(Bloomberg) -- The high-flying technology sector hit a potentially ominous milestone on Tuesday: It now amounts to more than 25 percent of the S&P 500 Index.
“It’s the first time the sector has made up at least a quarter of the S&P since a one-year period that ran from Thanksgiving 1999 through Thanksgiving 2000,” according to analysts at Bespoke Investment Group. “Notably, the weighting only got above 25 percent for the final four months of the dot-com bubble when share prices were going insane.”
This time, however, it’s different, according to Bespoke.
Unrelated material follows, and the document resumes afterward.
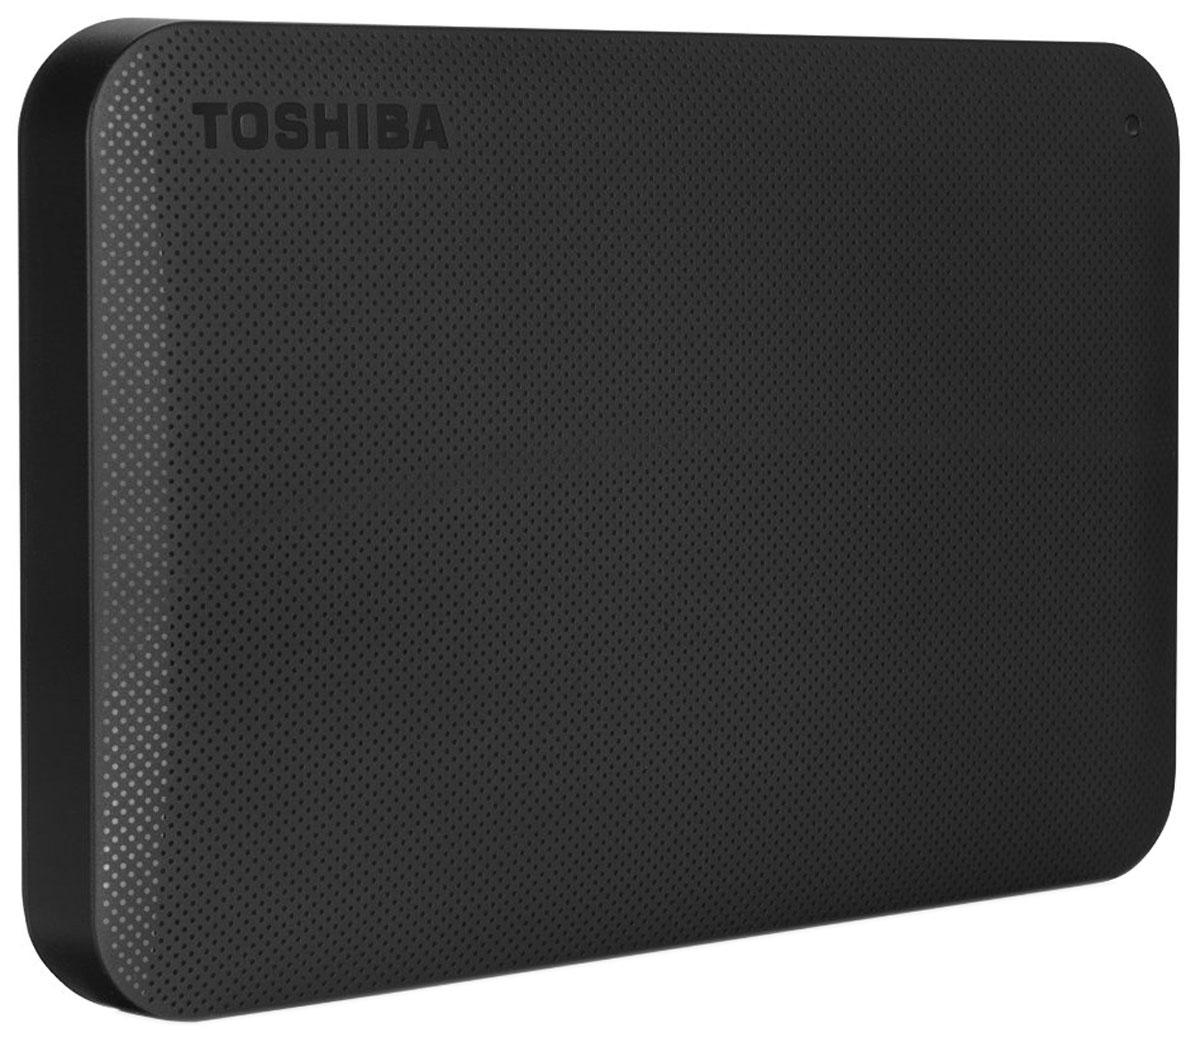 Toshiba Canvio Ready 3TB, Black внешний жесткий диск (HDTP230EK3CA)HDTP230EK3CAВнешний жесткий диск Toshiba Canvio Ready отличается высокими показателями по быстроте деятельности. Практически в течение считанных мгновений у вас появятся доступы к интересующим информационным данным. Такой результат достигается за счет эффективности действия интерфейса USB 3.0. Теперь вы сможете вести запись данных на скорости, равной 5 Гбит/с, что позволит копировать большие файлы в кратчайшие сроки. Обратная совместимость с интерфейсом USB 2.0 гарантирует стабильную работу с оборудованием предыдущего поколения: при помощи Canvio Ready удобно переносить информацию со старого компьютера на новый. Пропускная способность интерфейса: 5 Гбит/сек Поддержка ОС: Windows 10, Windows 8, Windows 7

The forward price-to-earnings ratio for the sector stands at a little over 19, compared with a peak of 60 in March 2000. This implies that valuations in the industry are considerably less stretched than during the dot-com bubble -- and that the sector’s hefty share of the benchmark U.S. stock gauge is more justified by the fundamentals.
But still, crossing this threshold “is still nothing to sneeze at,” the analysts said in a note Wednesday.
No other sector has accounted for 25 percent of the S&P 500 over this span. At their zenith during the housing bubble, financials came within a few percentage points of this milestone.
Year to date, the tech sector has outpaced the S&P 500 Index by a substantial margin. And its success isn’t largely attributable to heavyweights like Alphabet Inc. or Apple Inc. Rather, gains have been broad-based: The equal-weight tech index is actually outperforming its market-capitalization-configured counterpart.